Hal itu karena ada serangkaian proses yang harus dipenuhi usai uji klinis fase tiga rampung dilaksanakan, seperti membuat laporan kepada perusahaan pembuat vaksin serta badan penelitian dan pengembangan kesehatan.

"Setelah uji klinis fase tiga, saya bikin laporan. Setelah itu, saya bikin laporan ke Bio Farma. Lalu, Bio Farma harus melaporkan ke Litbangkes. Nah, nanti Litbangkes yang menentukan, ini bisa beredar apa enggak," Kusnandi menjelaskan.

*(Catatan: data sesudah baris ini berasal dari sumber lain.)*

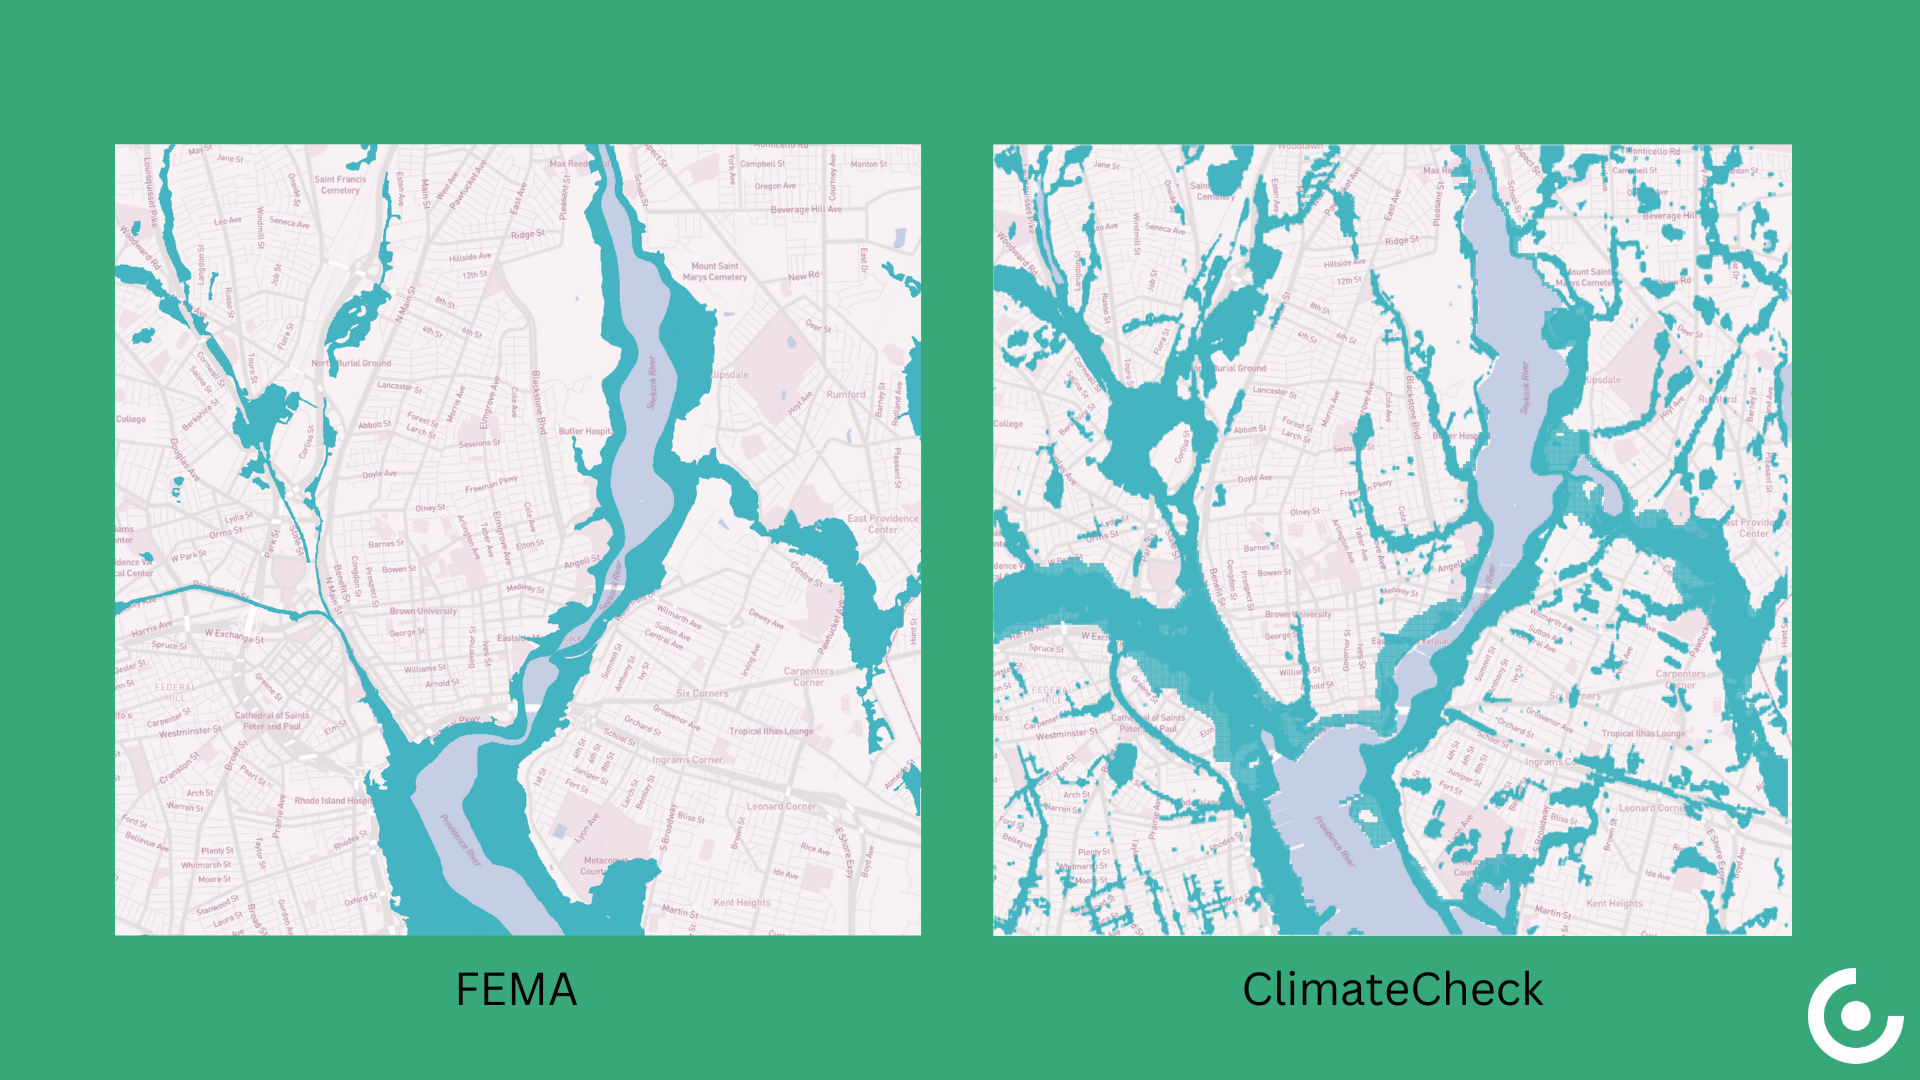 The image on the left is a depiction of potential flooding in Providence, RI based only on FEMA flood map data. The image on the right depicts projected flooding under the RCP8.5 warming scenario based on ClimateCheck's more comprehensive analysis.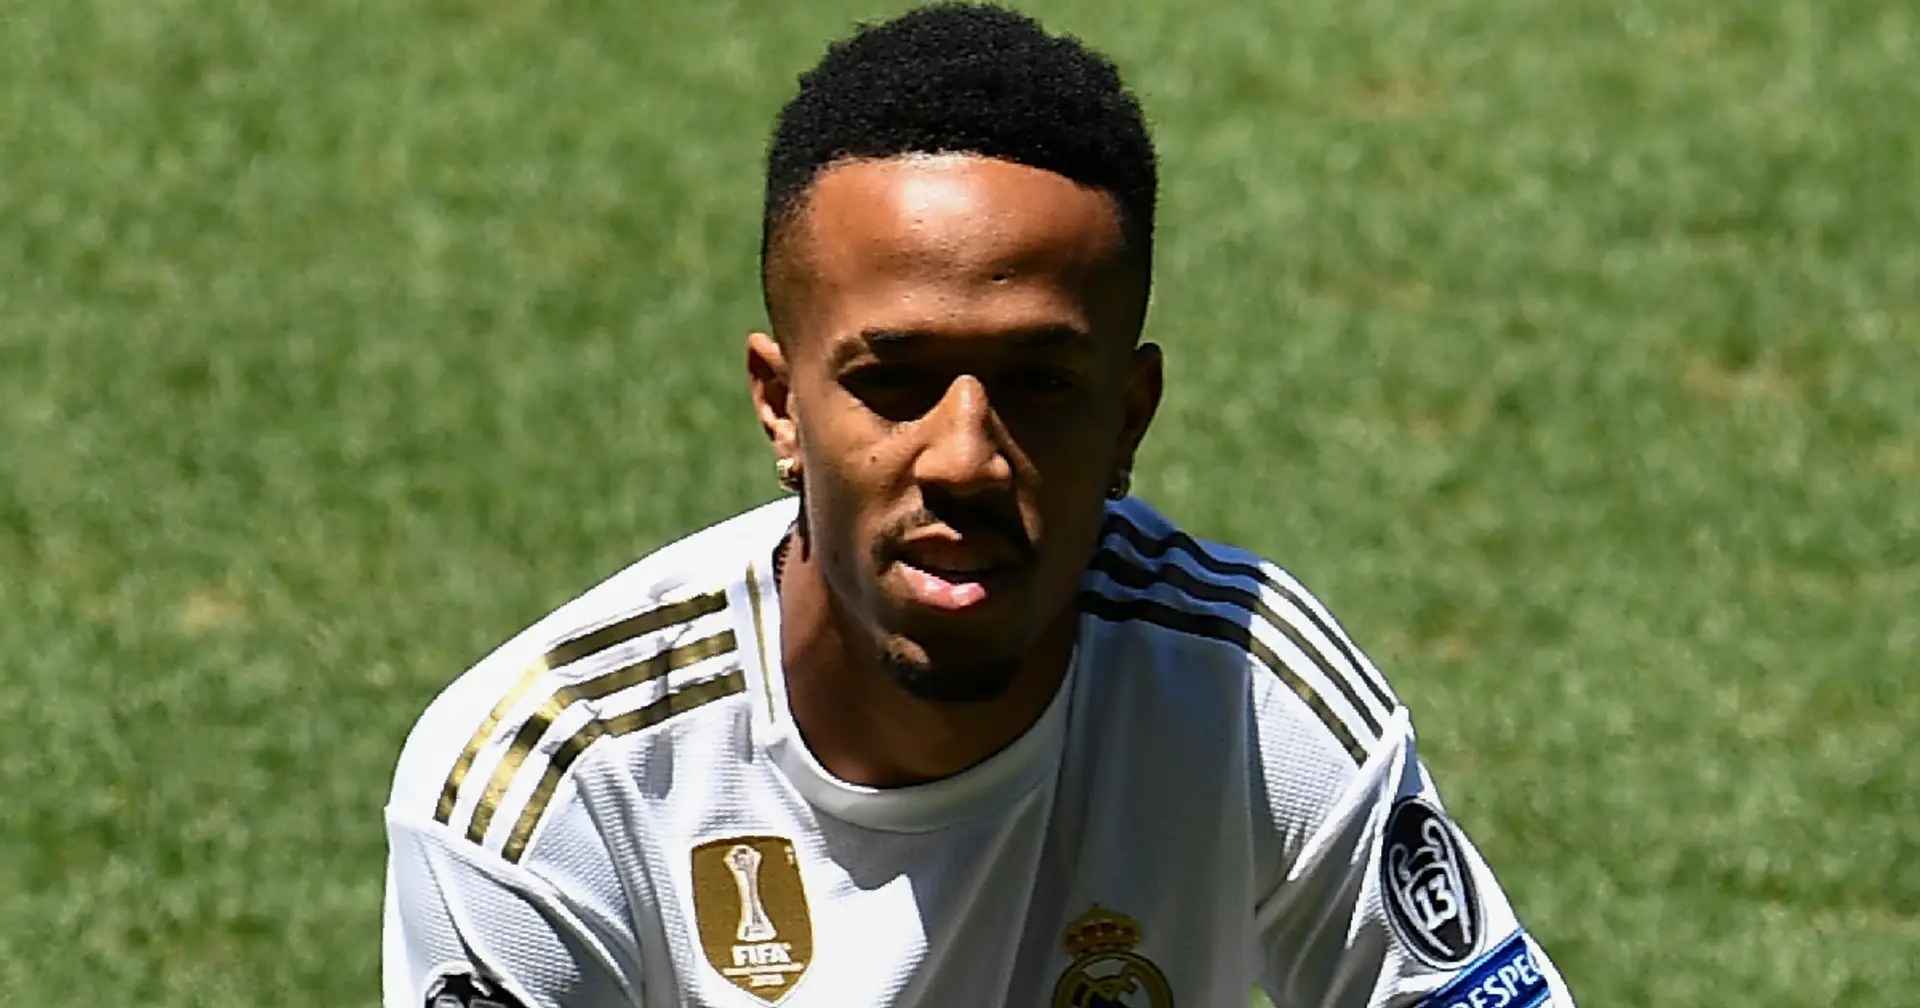 Money-drama: Militao's transfer to Real Madrid set to be investigated

Di dalam negeri, vaksin COVID-19 harus mendapat izin edar dari Badan Pengawas Obat dan Makanan (BPOM) untuk bisa dijual. Sementara, untuk bisa menjual vaksin ke negara lain, Kusnandi mengatakan, Bio Farma harus mendapat izin dari Organisasi Kesehatan Dunia (WHO).

"Vaksin ini tetap melalui fase pertama, kedua, dan ketiga. Jadi tidak dipercepat. Setelah lolos fase tiga, mesti masuk multicenter. Kalau multicenter bagus, ya dengan izin Badan POM dan WHO, vaksinnya bisa dijual," kata Kusnandi.

 

 

Saksikan juga video menarik berikut ini:


Hasil Uji Klinik Tahap 1 dan 2 Menunjukkan Hasil Baik

Jokowi melihat langsung uji klinis Vaksin COVID-19 atau Vaksin Corona Sinovac hari pertama di Bandung. Tampak, Menteri Kesehatan RI Terawan Agus Putranto dan Menteri BUMN Erick Tohir mendampingi Presiden Jokowi. (Foto: Sekretariat Presiden)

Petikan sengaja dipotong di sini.